One of the hottest battles over tiered networks is going on in Massachusetts. It involves the tiered network system mandated by the Massachusetts state employees health insurance program, the Group Insurance Commission. In November, the GIC started accepting proposals from health plans that would set up networks covering not only 250,000 state employees, but also potentially another 330,000 municipal employees as the program expands to cover any state and local public employee.

The commission and its insurers actually released their first networks based on quality ratings in April, but the expansion of its networks, and physicians' dislike of how ratings are established, has the Massachusetts Medical Society speaking out against the commission's tiered networks. In this fight, allies include legislators pushing House and Senate bills governing standards for tiered networks, and, in a case of strange bedfellows, BlueCross BlueShield of Massachusetts, which said it would refuse to submit a proposal.

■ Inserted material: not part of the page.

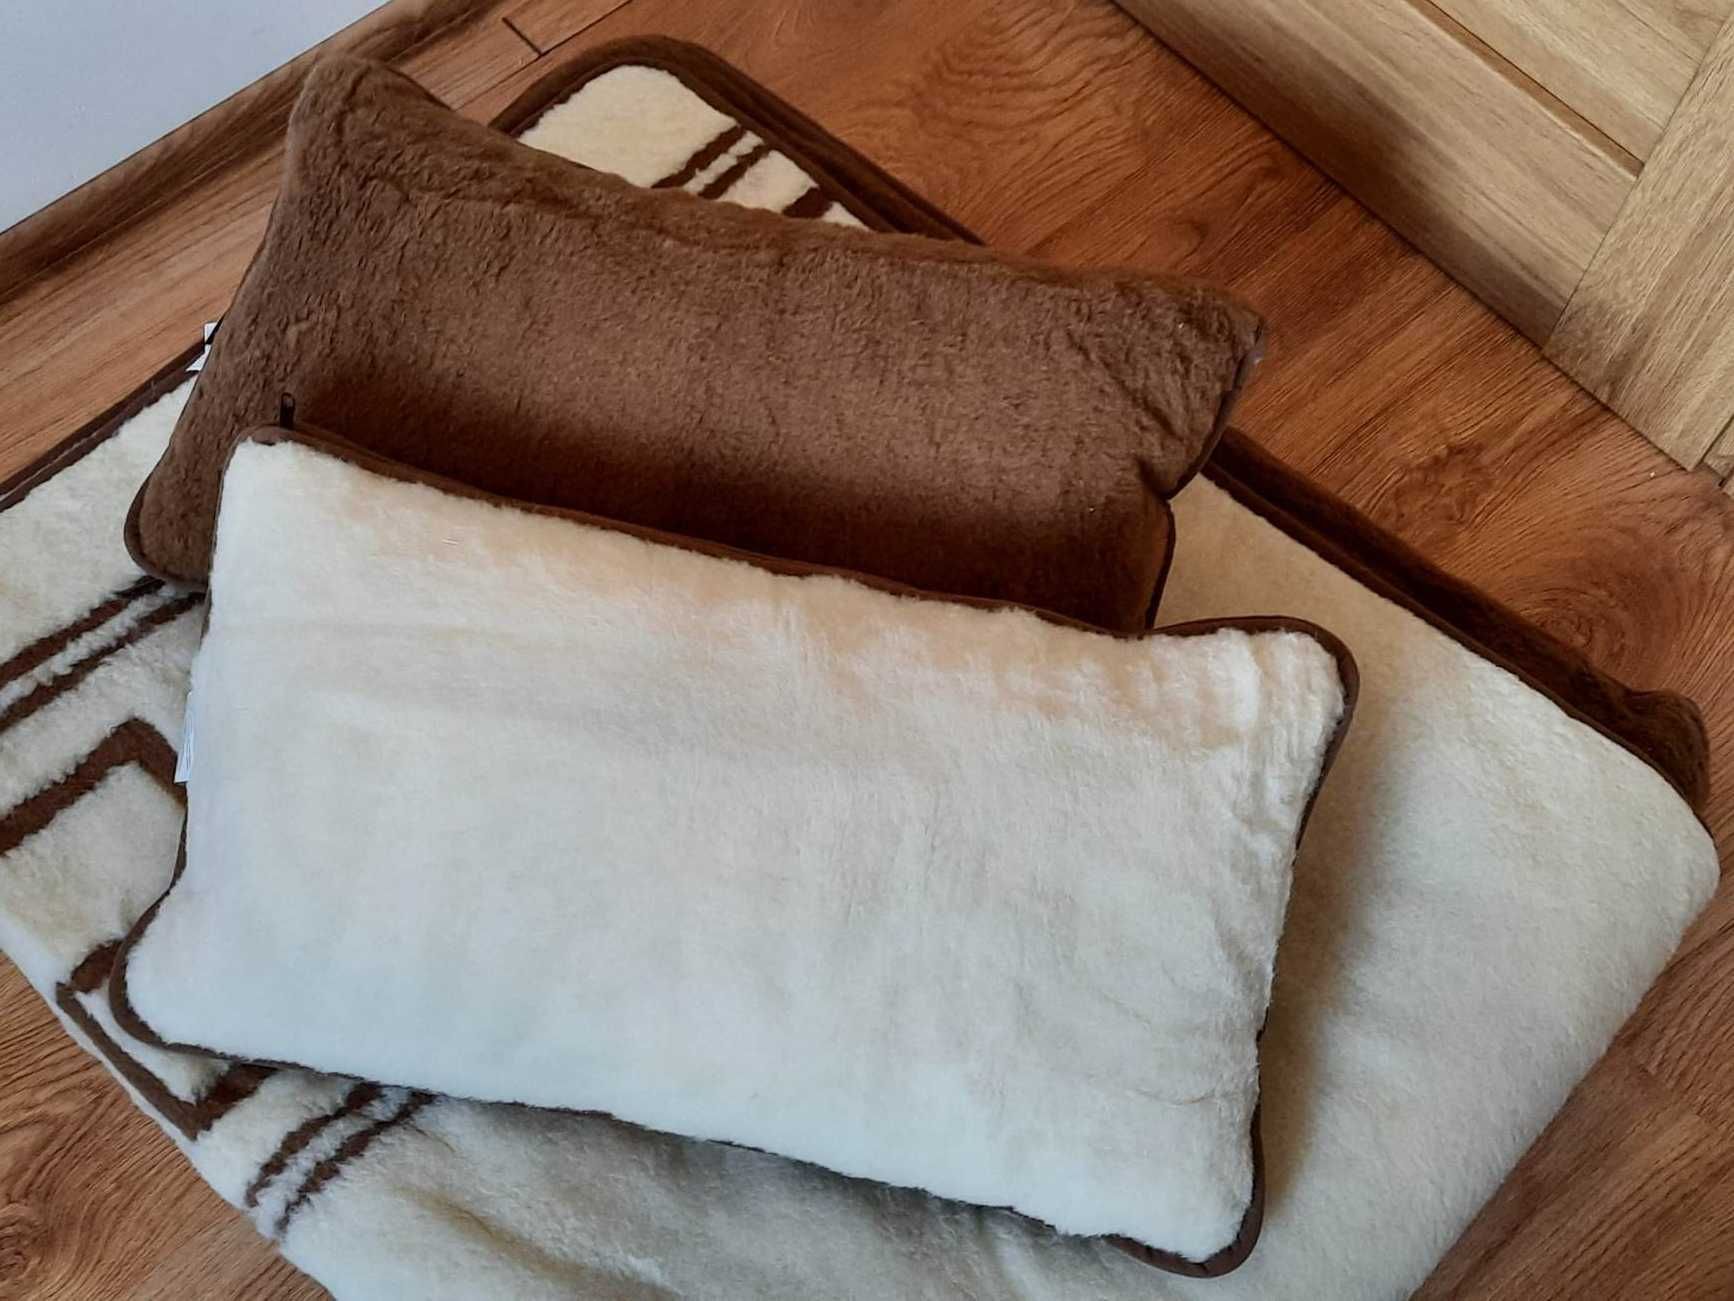 Woolmark - materac, kołdra i 2 x poduszki.

Katherine Atkinson, MD, a family physician in Amherst, Mass., said GIC health plans have sent notices to physicians informing them that they are in low tiers without offering an explanation, and without any chance to appeal their ranking.

Worse, she said, the rankings are based largely on cost, but patients don't know that -- they assume the doctor must be incompetent or have committed malpractice.

"I have a colleague who was ranked on the lowest level because of cost," Dr. Atkinson said. "A patient walked in and said, 'Who did you kill?' "

Fighting over standards

New York's fight over tiered networks led the state's major health plans to sign deals with Attorney General Andrew Cuomo pledging that they would use independently derived quality measures to establish tiered networks, which allow health plan members to pay a lower premium or co-pay if they use only highly rated doctors or groups. The New York deal also gave physicians the right to see how their rating was derived, and to appeal it.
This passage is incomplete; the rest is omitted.